At many universities, a major in economics is a popular choice. In order to draw students, the core of the major is largely shaped by the job market instead of a need to be literate in the full range of economic offerings. As a result, the discipline has become sanitized – devoid of contextual offerings such as history of economic thought, comparative economic history, Marxian economics, development theory, and environmental ethics. The focus (and in some ways for good reason) is on tool oriented courses – statistics, econometrics, mathematical economics/ modeling, game theory, aimed for a more marketable degree in the public and private sector marketplace. It is possible at many universities, to take courses in the latter (technical) and virtually none in the context courses leading to a distorted world view – what economics is and how one views the world.
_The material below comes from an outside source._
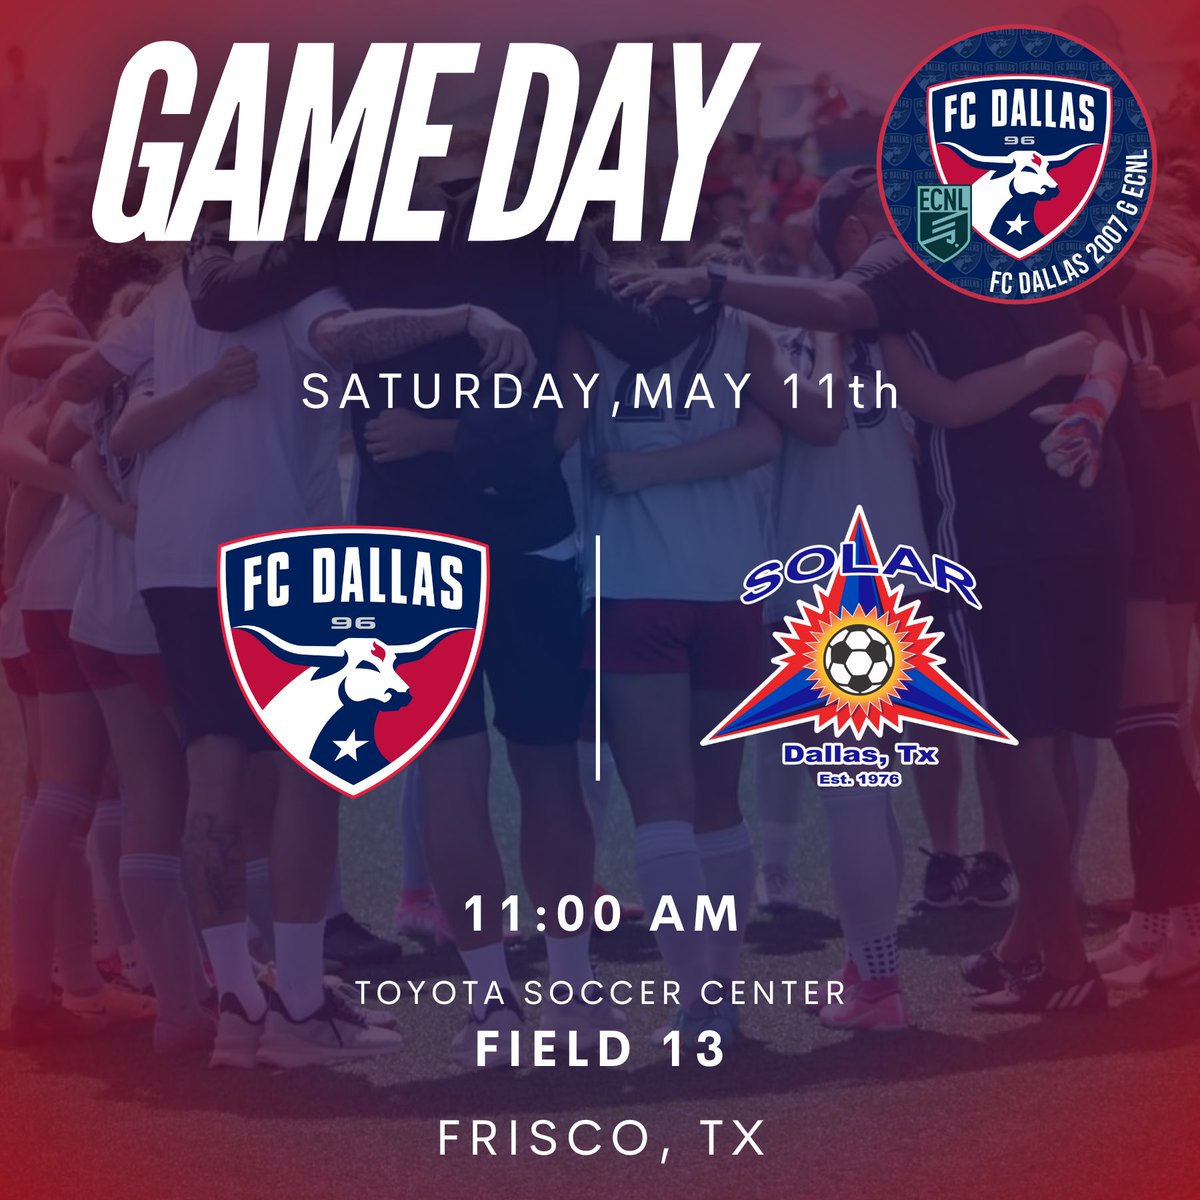 It’s GAME DAY! A big match up 🆚 our cross town rivals. Let’s GO‼️ #DTID | #HeartAndHustle @FCDwomen | @ECNLgirls

Over time, economics as a discipline has become hyphenated with public policy/ finance majors, but the economic content in this hybrid incarnation of the subject is minimal, usually limited to macro and micro economics with limited offerings in trade and finance. In an ironic twist – particularly in many developing countries, the distinction between finance (read corporate finance) and economics is thin. And for better or worse, it is management/ business, public policy, and finance majors who come consciously or unconsciously to shape or nudge thinking and decisions on wealth and power, as advisers, consultants, managers or entrepreneurs within the state or firms.